Штейнер и обликом повторяет «агента». Агент – «брюнет в котелке», а Штейнер – «брюнет в широкополой отчетливой шляпе», оба наделены пронзающим взглядом: «Тот взгляд не забудете» (как в «Петербурге» – взгляд Всадника: «Ты его не забудешь вовек»). Штейнер – доктор. Но и один из агентов – доктор из Одессы. Белый сам подчеркивает двойственность своего отношения к нему: «с одной стороны, этот “доктор” был явно брюнетом, меня отравившим; с другой стороны, он, внимательно относясь ко мне в миги болезни моей, во мне вызвал естественно приступ доверия: все-таки, думал я, доктор он и – по сердечным болезням…»[528] Сердечные болезни связаны с темой операции, производимой Штейнером.
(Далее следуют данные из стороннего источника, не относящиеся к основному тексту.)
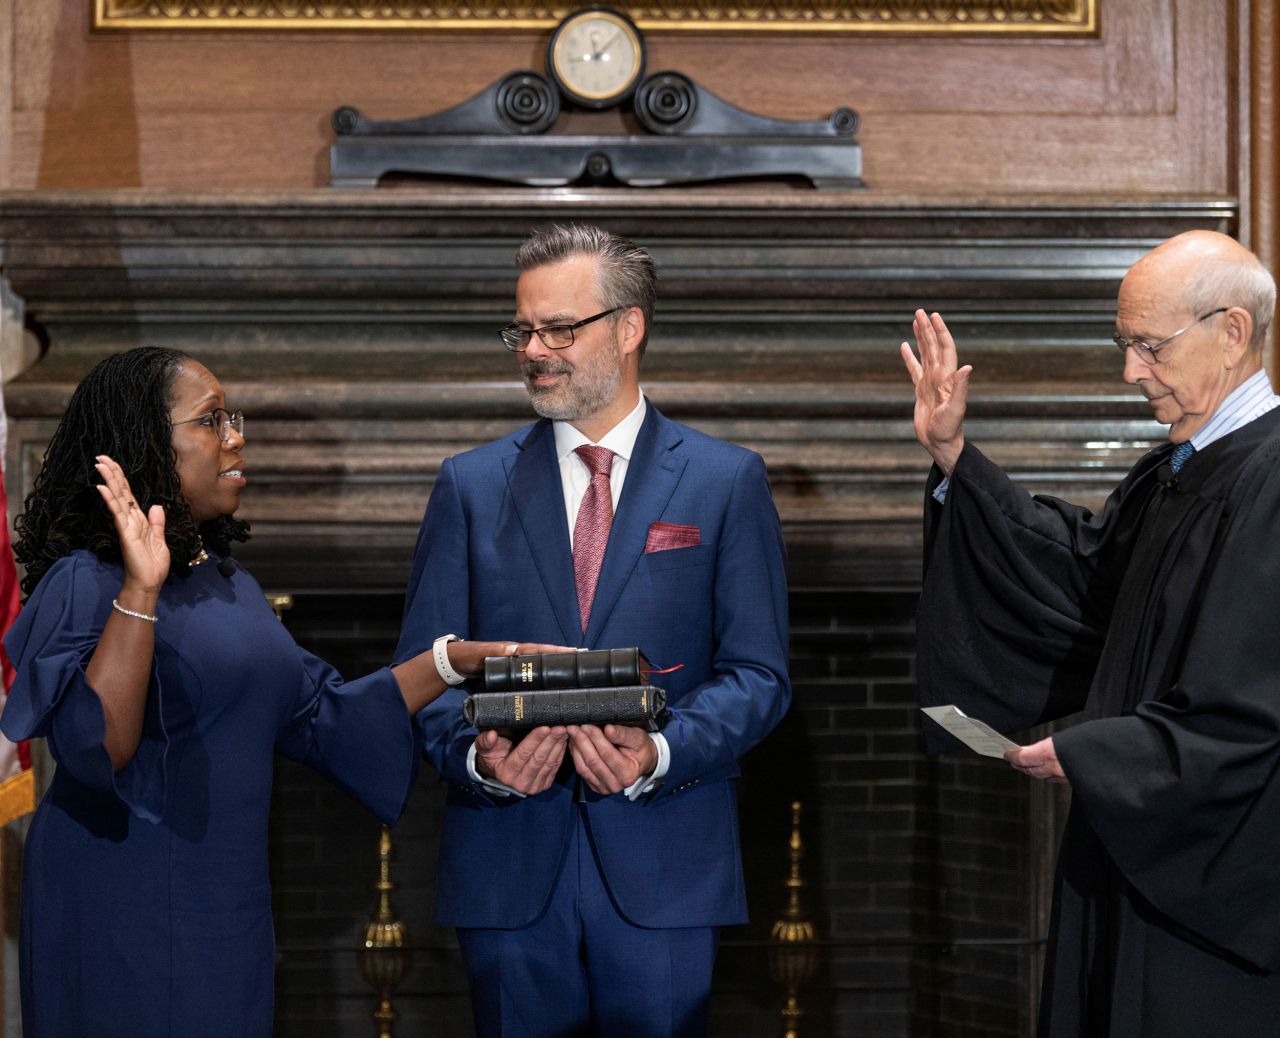 Retiring Supreme Court Justice Stephen Breyer administers the Judicial Oath to his replacement, <a href="http://www.cnn.com/2022/02/25/politics/gallery/ketanji-brown-jackson/index.html" target="_blank">Ketanji Brown Jackson,</a> as her husband, Patrick, holds the Bible on Thursday, June 30. She is <a href="https://www.cnn.com/2022/06/30/politics/who-is-justice-ketanji-brown-jackson/index.html" target="_blank">the first Black woman to serve on the Supreme Court.</a>

Белый пишет о страхах в связи с ней. Ему снится: «…доктор в образе какого-то отвратительного существа разрезал мне грудь…»; «производит надо мной опасную операцию»[529]. В «Записках»: «…я чувствовал… неизбежно меня ожидающий акт отразится на теле моем операцией…»[530] Светлый вариант этого мотива предстает своеобразным причастием: «Кто-то сделал какой-то сладкий разрез на моем лбу… не то капля елея… не то мое “я” капнуло в чашу, в Грааль; но эта чаша была уже не чашей, а моим сердцем…»[531] Темная версия – все тот же мотив шпионского подлога: британец «искусными действиями» подложил в душу лед, немец – «германин» (читай: «иудаин»[532]), наконец, брюнет в котелке – «что-то» или «ничто».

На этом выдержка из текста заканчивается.